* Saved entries
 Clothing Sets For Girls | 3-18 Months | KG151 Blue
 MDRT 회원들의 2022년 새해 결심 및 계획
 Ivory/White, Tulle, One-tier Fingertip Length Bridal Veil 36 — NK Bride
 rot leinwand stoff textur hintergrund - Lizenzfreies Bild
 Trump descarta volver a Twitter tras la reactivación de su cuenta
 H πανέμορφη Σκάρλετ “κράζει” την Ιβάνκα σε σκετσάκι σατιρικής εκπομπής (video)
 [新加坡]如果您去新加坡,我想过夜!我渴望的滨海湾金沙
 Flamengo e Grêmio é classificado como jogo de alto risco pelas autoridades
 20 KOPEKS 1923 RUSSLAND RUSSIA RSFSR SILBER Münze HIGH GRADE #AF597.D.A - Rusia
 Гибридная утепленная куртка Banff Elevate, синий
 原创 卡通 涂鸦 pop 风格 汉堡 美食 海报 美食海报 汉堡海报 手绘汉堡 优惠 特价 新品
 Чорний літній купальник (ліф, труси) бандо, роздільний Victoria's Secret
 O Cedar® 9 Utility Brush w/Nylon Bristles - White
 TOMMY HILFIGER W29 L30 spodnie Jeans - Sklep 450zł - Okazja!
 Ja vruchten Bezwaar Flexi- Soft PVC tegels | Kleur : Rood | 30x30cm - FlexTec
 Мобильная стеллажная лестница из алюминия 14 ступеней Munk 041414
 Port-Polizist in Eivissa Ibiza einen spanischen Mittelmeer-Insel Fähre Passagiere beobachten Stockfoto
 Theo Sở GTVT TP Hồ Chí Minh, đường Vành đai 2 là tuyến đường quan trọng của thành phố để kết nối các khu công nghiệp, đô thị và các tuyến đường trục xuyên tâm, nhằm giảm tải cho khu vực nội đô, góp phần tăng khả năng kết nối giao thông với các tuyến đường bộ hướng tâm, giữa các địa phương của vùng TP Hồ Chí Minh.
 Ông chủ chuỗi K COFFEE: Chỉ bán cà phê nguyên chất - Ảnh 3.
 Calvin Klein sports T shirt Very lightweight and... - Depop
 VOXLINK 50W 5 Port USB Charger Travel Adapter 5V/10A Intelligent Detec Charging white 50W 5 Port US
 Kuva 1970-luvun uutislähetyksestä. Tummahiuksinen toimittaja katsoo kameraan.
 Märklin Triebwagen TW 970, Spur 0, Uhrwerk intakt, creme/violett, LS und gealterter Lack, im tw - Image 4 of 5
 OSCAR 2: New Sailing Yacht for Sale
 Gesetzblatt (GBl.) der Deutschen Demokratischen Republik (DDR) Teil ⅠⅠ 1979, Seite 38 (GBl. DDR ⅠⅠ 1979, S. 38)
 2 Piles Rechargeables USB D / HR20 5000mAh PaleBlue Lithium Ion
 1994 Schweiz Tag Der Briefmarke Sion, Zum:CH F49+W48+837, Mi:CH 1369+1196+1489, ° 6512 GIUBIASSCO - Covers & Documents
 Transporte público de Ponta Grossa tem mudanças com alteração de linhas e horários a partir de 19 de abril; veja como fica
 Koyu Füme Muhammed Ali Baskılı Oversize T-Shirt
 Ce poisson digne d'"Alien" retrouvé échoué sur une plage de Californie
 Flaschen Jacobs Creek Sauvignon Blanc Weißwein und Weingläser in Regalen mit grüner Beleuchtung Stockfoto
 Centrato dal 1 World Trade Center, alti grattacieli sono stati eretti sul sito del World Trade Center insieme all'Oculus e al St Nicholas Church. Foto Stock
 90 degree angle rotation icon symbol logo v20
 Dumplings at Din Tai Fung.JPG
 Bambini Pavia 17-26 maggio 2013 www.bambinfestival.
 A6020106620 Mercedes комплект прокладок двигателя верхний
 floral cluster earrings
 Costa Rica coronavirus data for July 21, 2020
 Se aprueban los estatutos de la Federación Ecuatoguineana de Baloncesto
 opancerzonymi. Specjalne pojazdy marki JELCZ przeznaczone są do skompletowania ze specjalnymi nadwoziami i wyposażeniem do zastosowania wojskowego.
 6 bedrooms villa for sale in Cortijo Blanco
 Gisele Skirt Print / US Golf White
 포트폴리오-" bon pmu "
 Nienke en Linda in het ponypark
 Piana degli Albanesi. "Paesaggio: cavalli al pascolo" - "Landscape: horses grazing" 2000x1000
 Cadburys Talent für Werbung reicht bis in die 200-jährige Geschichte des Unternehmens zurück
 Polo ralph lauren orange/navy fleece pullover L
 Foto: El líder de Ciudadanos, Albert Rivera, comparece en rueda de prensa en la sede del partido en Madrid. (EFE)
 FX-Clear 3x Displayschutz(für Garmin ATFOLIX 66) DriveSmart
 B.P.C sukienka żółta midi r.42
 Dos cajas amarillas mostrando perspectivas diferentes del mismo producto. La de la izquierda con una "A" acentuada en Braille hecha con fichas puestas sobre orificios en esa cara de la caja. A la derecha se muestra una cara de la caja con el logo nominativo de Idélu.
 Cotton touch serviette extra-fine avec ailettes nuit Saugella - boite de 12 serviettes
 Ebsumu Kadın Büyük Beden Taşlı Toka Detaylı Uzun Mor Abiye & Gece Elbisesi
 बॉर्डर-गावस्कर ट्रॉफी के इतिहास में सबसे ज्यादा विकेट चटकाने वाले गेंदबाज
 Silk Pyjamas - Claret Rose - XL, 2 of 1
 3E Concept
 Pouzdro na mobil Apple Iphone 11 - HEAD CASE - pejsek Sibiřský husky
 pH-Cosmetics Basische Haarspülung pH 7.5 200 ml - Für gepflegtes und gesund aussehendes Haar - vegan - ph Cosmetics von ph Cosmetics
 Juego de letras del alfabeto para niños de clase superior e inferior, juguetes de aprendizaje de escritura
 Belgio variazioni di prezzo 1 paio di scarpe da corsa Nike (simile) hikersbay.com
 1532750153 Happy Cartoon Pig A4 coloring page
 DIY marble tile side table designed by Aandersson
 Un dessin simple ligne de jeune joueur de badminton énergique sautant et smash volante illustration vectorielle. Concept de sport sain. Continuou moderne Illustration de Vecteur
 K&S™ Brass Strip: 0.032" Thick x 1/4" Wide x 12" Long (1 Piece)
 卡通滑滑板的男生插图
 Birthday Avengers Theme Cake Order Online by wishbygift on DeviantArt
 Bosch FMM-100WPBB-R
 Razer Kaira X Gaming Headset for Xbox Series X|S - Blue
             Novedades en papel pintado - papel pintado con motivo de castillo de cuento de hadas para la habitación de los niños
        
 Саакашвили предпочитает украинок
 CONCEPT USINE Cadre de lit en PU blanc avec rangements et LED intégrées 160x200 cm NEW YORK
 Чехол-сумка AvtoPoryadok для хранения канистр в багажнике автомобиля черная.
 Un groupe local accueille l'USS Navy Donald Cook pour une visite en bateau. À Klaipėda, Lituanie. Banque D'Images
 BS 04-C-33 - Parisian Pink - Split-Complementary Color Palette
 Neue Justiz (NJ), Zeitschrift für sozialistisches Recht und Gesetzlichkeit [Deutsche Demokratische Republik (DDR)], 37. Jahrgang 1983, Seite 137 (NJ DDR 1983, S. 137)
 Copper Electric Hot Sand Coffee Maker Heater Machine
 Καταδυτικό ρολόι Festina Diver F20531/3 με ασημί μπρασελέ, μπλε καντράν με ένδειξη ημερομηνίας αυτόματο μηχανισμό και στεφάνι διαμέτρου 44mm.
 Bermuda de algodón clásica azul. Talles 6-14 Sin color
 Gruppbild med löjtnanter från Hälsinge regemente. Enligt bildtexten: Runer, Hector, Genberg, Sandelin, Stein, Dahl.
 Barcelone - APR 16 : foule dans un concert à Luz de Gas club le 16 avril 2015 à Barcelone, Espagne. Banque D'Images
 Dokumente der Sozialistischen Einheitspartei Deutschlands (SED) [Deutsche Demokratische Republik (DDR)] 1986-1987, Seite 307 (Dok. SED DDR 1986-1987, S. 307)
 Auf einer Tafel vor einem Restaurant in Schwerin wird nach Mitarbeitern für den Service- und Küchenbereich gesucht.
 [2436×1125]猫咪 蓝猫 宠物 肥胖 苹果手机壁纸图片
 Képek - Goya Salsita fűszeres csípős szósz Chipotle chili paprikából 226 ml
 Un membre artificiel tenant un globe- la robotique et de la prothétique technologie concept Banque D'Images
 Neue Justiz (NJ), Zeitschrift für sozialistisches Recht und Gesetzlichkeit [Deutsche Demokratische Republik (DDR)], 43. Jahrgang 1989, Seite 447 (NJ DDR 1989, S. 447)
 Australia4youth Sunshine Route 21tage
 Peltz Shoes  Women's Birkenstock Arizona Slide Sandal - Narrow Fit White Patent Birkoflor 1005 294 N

* Exercise description
Each line that includes the string "logo" should be copied from the data.

* Answer to this problem
 90 degree angle rotation icon symbol logo v20
 Dos cajas amarillas mostrando perspectivas diferentes del mismo producto. La de la izquierda con una "A" acentuada en Braille hecha con fichas puestas sobre orificios en esa cara de la caja. A la derecha se muestra una cara de la caja con el logo nominativo de Idélu.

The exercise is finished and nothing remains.